O Brasil é o maior exportador mundial de carne de frango e o quarto maior no segmento de suínos

Vejam o caso do Vietnã, valioso mercado da Ásia que sofre os efeitos da crise sanitária da Peste Suína Africana. O país perdeu 25% da sua produção nos últimos dois anos e importou volumes maiores de proteína animal do Brasil em 2020. E compraram mais da Rússia — que já foi nosso principal importador de carne suína. Agora, observe a diferença de competitividade. Os embarques russos têm tarifa zero, e nós pagamos uma taxa de 15%. 

Desde 2000, a Coreia do Sul tem se empenhado em construir acordos. Lá, pagamos 25% sobre as exportações. Os maiores concorrentes da Europa e da América do Norte não pagam qualquer taxa. O resultado: após a assinatura do acordo entre Coreia do Sul e União Europeia, as  exportações de carne suína da Alemanha saltaram de 4 mil toneladas, em 2010, para mais de 110 mil toneladas, em 2019. 

O Brasil tem se esforçado para resgatar o tempo perdido. Os ministérios da Agricultura, da Economia e das Relações Exteriores conquistaram oportunidades em mercados estratégicos. Fechamos acordo com a União Europeia e o EFTA – Associação Europeia de Livre Comércio – por meio do Mercosul. Falta a ratificação, negociação que, por causa de uma minoria das nações-membros desses blocos, não dá sinais de avanço rápido. E o protecionismo de poucas nações do bloco europeu congela, por ora, a esperança de um grande acordo. 

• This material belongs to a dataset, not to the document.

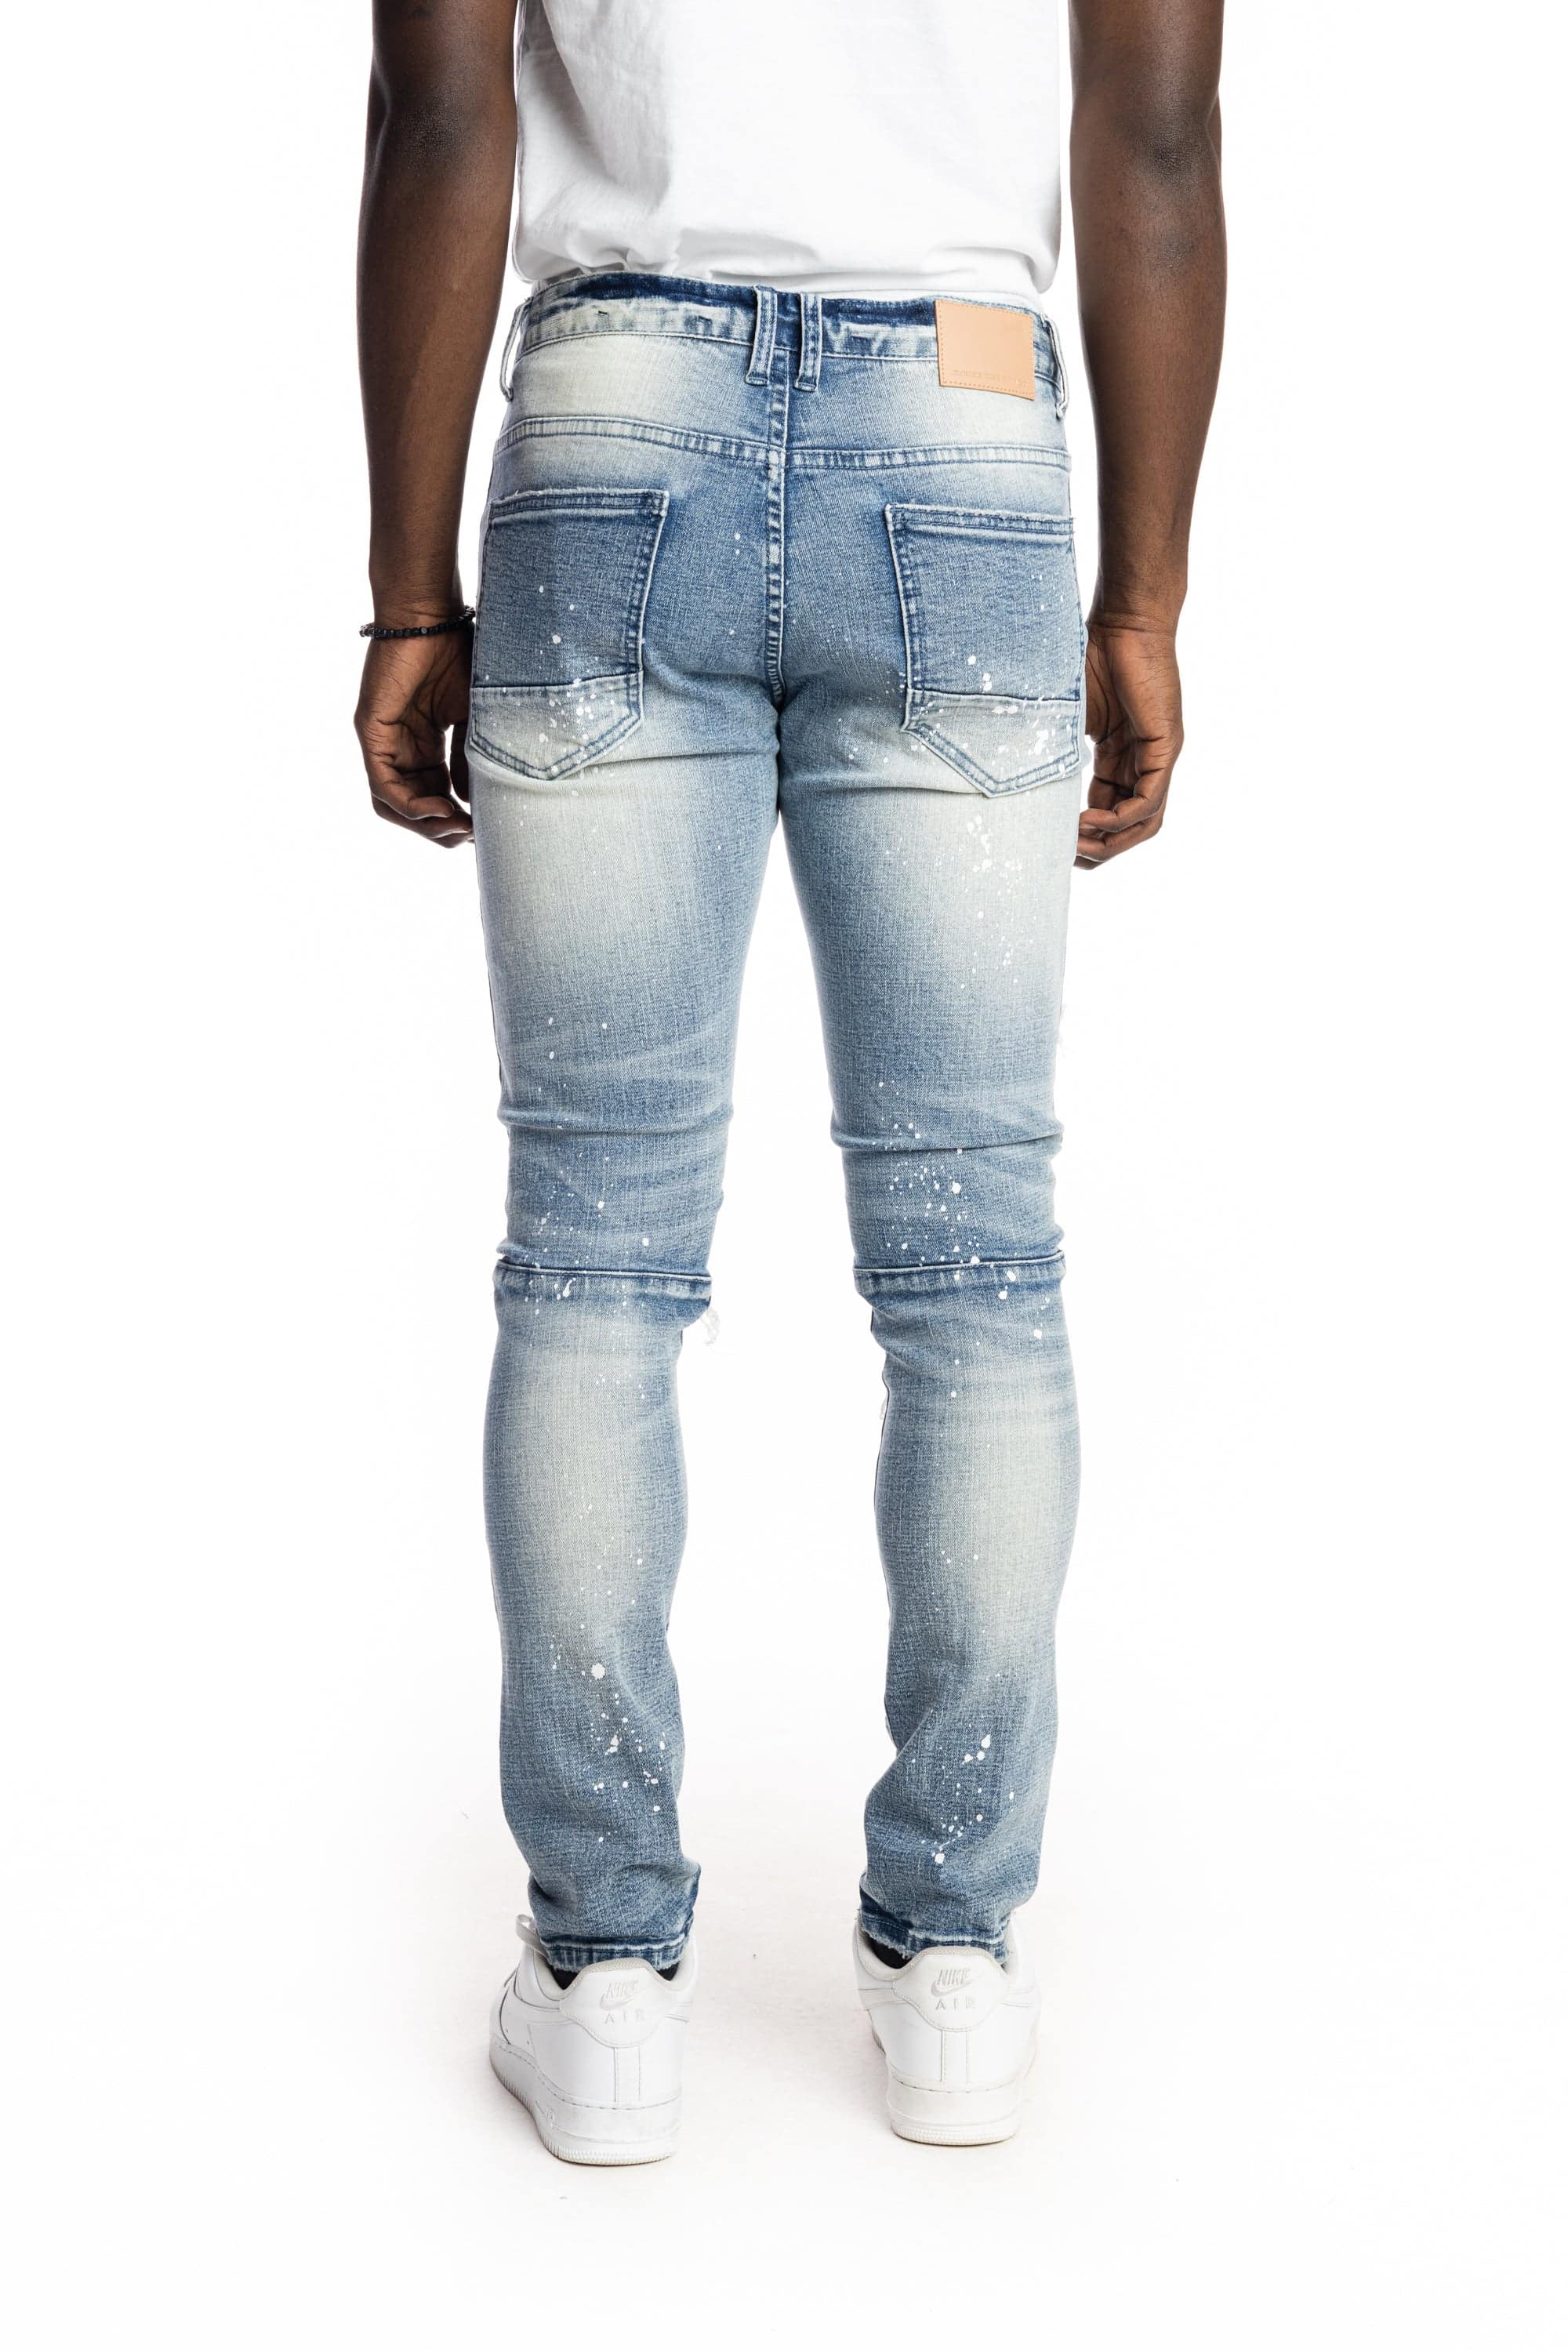 Rip And Repair Fashion Jeans Intense Blue - Smoke Rise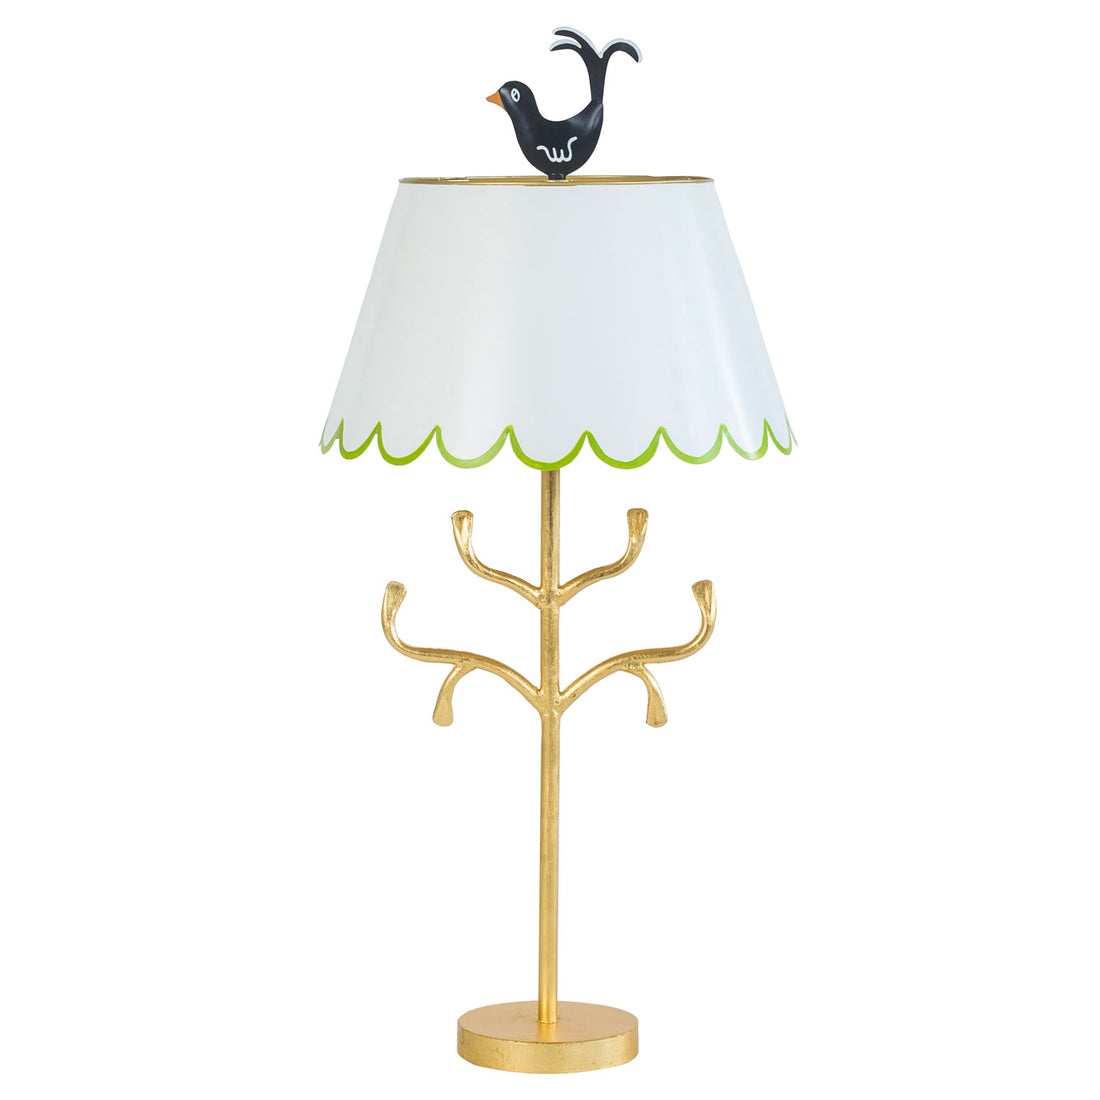 toleware lamp, white scallop edge shade, green trim, black bird finial, gold iron base

Hoje, o Brasil lidera as vendas mundiais de carne de frango e ocupa o quarto posto entre os exportadores de carne suína. Temos competitividade agroindustrial e câmbio favorável. Mas seguir isolado em um mundo super conectado pode estabelecer prazo de validade a essa liderança. Precisamos avançar, deixar a “quarentena” comercial e conquistar nova posição no cenário global. São milhões de empregos e bilhões de divisas em jogo.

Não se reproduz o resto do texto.